** EXTRACTED DATA **
# # #
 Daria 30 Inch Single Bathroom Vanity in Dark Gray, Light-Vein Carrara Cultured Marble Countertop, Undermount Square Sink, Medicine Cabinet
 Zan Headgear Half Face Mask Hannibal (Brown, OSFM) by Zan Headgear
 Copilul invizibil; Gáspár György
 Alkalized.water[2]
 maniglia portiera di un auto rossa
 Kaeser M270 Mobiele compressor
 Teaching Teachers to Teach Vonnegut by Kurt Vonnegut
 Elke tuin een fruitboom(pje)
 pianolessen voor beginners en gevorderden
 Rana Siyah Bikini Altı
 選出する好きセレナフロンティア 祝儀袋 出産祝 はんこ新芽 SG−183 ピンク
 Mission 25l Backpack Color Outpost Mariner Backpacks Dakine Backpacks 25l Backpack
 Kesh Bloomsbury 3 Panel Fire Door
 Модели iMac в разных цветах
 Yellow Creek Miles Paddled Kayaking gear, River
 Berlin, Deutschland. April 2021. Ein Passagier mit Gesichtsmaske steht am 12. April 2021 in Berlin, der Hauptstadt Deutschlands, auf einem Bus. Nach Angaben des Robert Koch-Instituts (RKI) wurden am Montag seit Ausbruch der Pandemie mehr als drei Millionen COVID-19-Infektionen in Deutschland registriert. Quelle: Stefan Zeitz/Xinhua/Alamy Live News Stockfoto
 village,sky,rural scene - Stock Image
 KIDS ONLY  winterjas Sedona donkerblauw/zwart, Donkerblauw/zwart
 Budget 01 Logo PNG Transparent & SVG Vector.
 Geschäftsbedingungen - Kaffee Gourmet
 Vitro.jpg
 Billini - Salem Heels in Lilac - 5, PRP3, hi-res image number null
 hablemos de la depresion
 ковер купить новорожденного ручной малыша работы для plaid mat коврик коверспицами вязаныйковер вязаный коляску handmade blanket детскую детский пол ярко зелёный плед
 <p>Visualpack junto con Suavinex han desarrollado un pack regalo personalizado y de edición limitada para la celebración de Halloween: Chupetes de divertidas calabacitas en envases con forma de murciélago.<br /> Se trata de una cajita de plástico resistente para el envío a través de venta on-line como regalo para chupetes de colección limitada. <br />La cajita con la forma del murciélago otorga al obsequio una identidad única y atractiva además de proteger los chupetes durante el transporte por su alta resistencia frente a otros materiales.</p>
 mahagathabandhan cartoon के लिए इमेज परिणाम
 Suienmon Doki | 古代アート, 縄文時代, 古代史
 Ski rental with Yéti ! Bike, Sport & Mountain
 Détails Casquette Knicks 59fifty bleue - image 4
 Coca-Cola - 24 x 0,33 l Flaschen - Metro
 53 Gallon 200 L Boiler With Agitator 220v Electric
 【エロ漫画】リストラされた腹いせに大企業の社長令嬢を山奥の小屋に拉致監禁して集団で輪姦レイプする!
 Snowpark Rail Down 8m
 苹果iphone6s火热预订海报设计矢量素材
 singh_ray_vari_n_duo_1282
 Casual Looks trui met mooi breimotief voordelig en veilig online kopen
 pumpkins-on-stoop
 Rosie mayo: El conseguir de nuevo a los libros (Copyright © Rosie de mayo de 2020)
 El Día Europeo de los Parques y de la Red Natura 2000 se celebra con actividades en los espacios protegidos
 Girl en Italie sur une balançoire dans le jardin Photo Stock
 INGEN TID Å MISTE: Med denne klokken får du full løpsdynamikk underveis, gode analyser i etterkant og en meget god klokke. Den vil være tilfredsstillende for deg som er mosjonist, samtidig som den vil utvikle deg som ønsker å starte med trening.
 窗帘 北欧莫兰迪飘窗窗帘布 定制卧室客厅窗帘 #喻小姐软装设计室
# # #
** ABOUT THIS EXERCISE **
From the opening line of the data above, please print each line as written up to and including the line that contains "Yellow Creek Miles", and nothing more.

** TASK ANSWER **
 Daria 30 Inch Single Bathroom Vanity in Dark Gray, Light-Vein Carrara Cultured Marble Countertop, Undermount Square Sink, Medicine Cabinet
 Zan Headgear Half Face Mask Hannibal (Brown, OSFM) by Zan Headgear
 Copilul invizibil; Gáspár György
 Alkalized.water[2]
 maniglia portiera di un auto rossa
 Kaeser M270 Mobiele compressor
 Teaching Teachers to Teach Vonnegut by Kurt Vonnegut
 Elke tuin een fruitboom(pje)
 pianolessen voor beginners en gevorderden
 Rana Siyah Bikini Altı
 選出する好きセレナフロンティア 祝儀袋 出産祝 はんこ新芽 SG−183 ピンク
 Mission 25l Backpack Color Outpost Mariner Backpacks Dakine Backpacks 25l Backpack
 Kesh Bloomsbury 3 Panel Fire Door
 Модели iMac в разных цветах
 Yellow Creek Miles Paddled Kayaking gear, River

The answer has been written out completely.